Data provided START
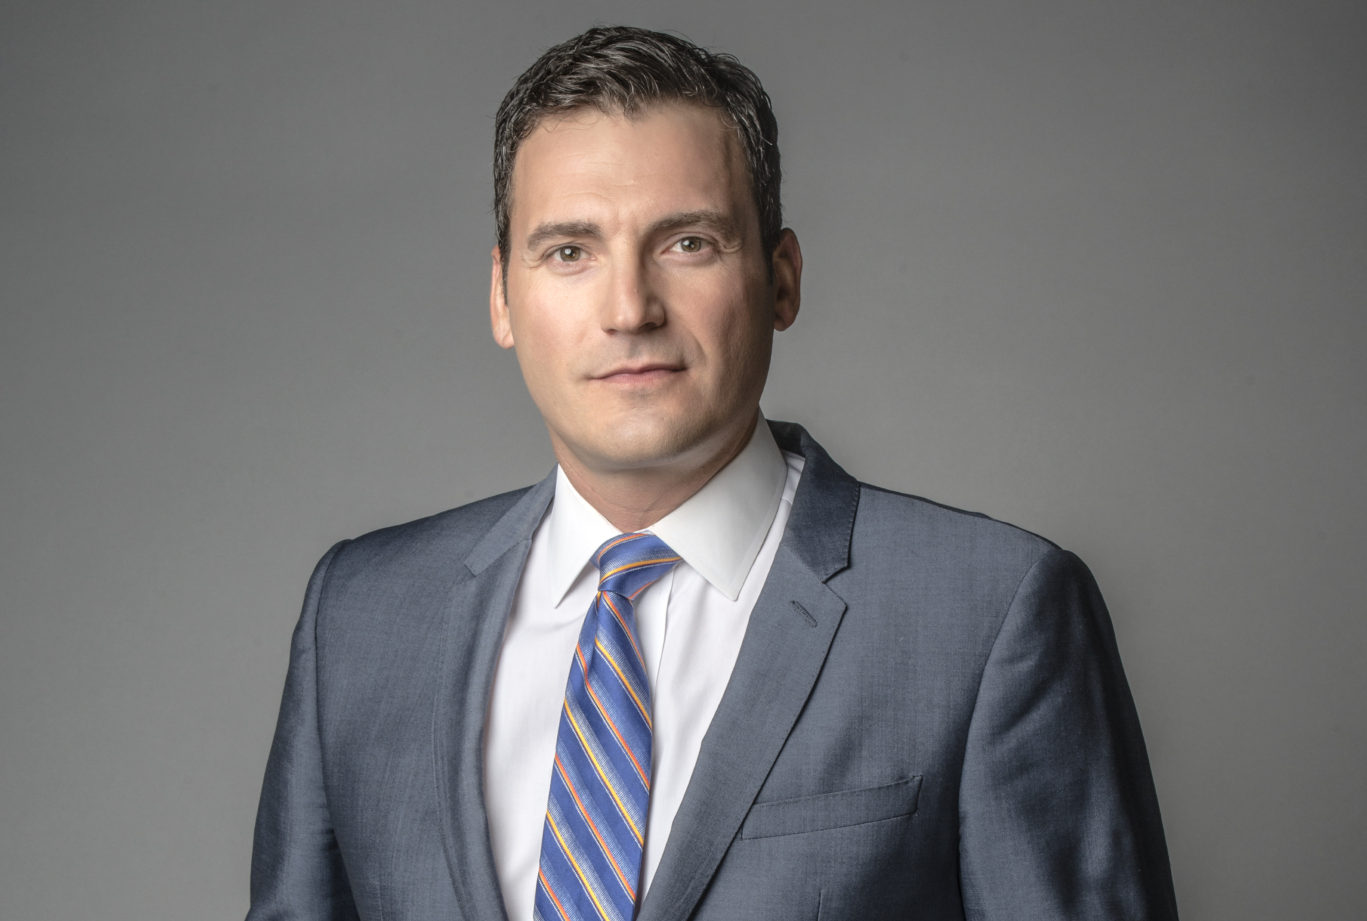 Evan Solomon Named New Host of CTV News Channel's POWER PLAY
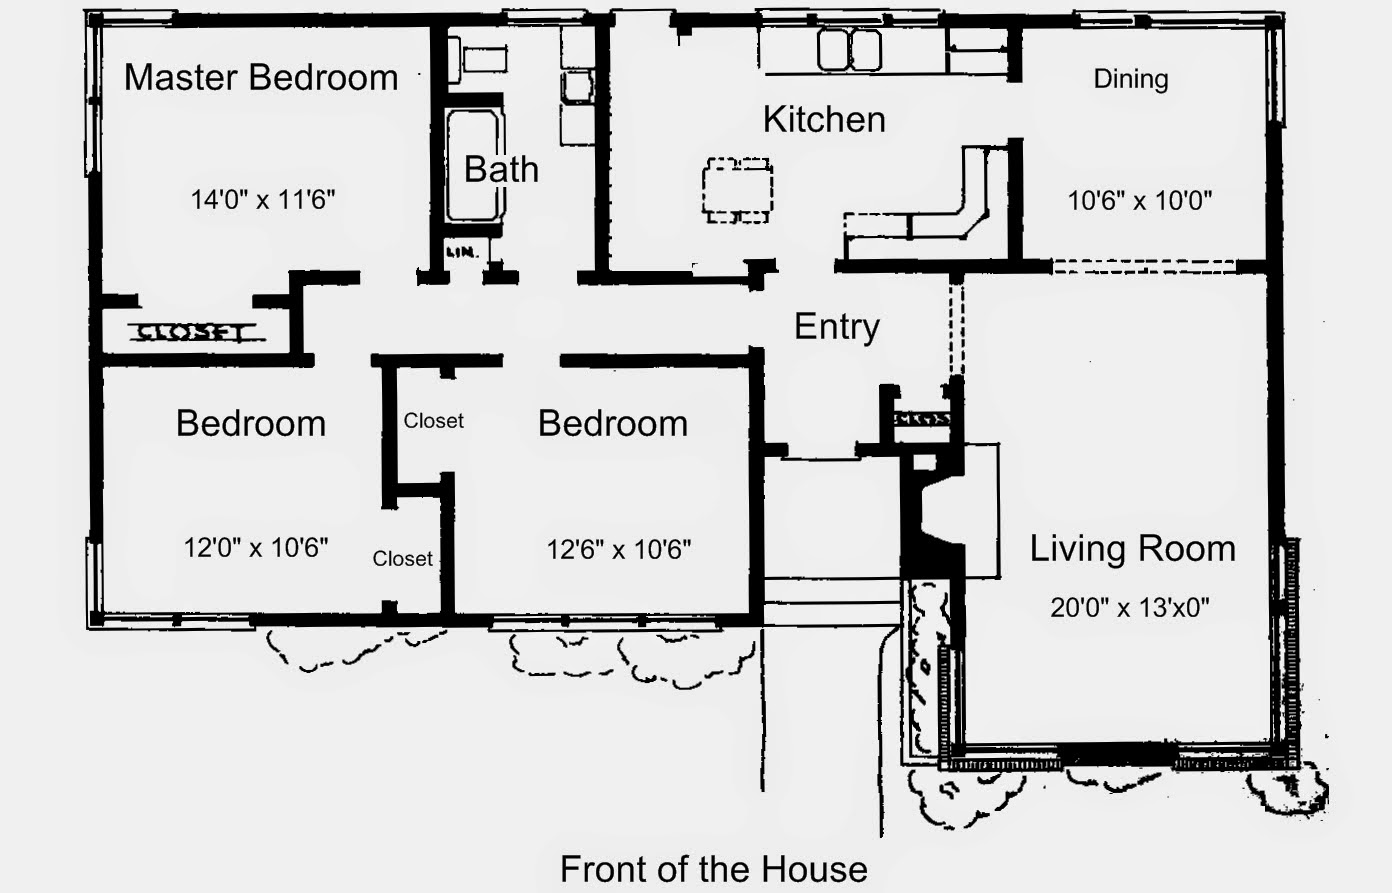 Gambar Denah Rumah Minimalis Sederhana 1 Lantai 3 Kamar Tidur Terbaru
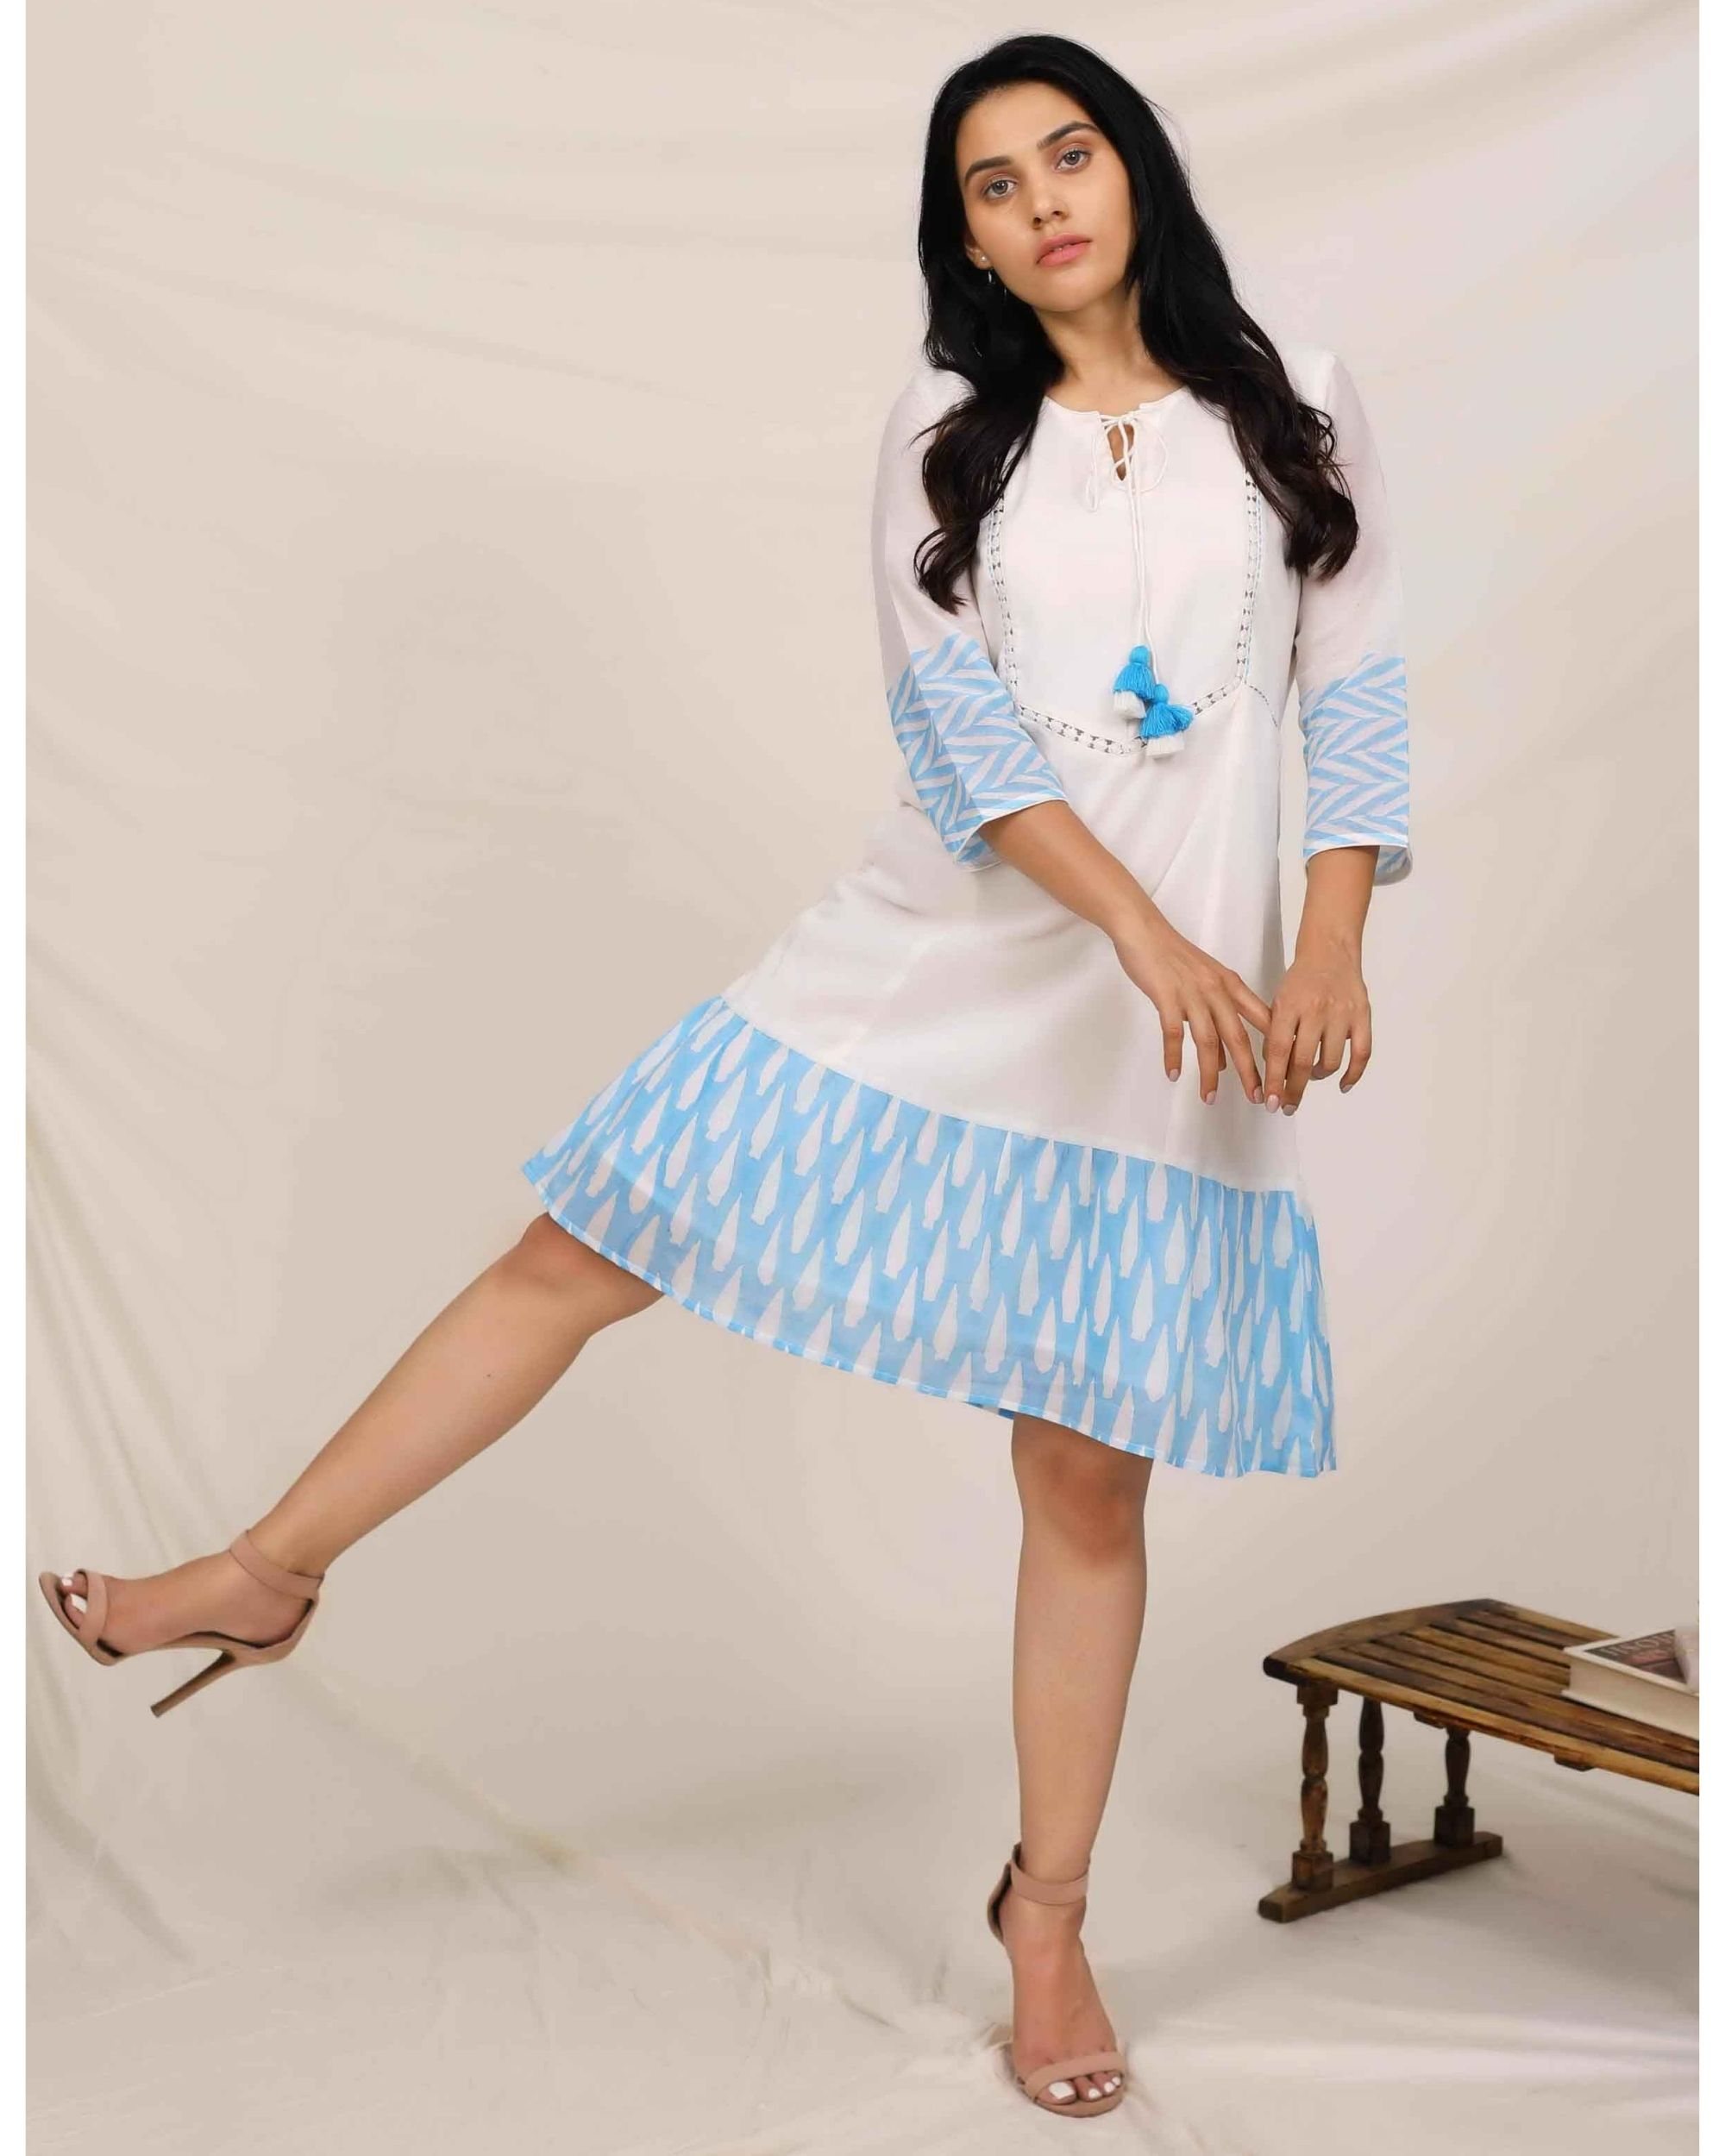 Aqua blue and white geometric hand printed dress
Data provided END
[Work order]:
Copy the data character for character, but drop all pictures from the copy.

[Answer to this problem]:
 Evan Solomon Named New Host of CTV News Channel's POWER PLAY
 Gambar Denah Rumah Minimalis Sederhana 1 Lantai 3 Kamar Tidur Terbaru
 Aqua blue and white geometric hand printed dress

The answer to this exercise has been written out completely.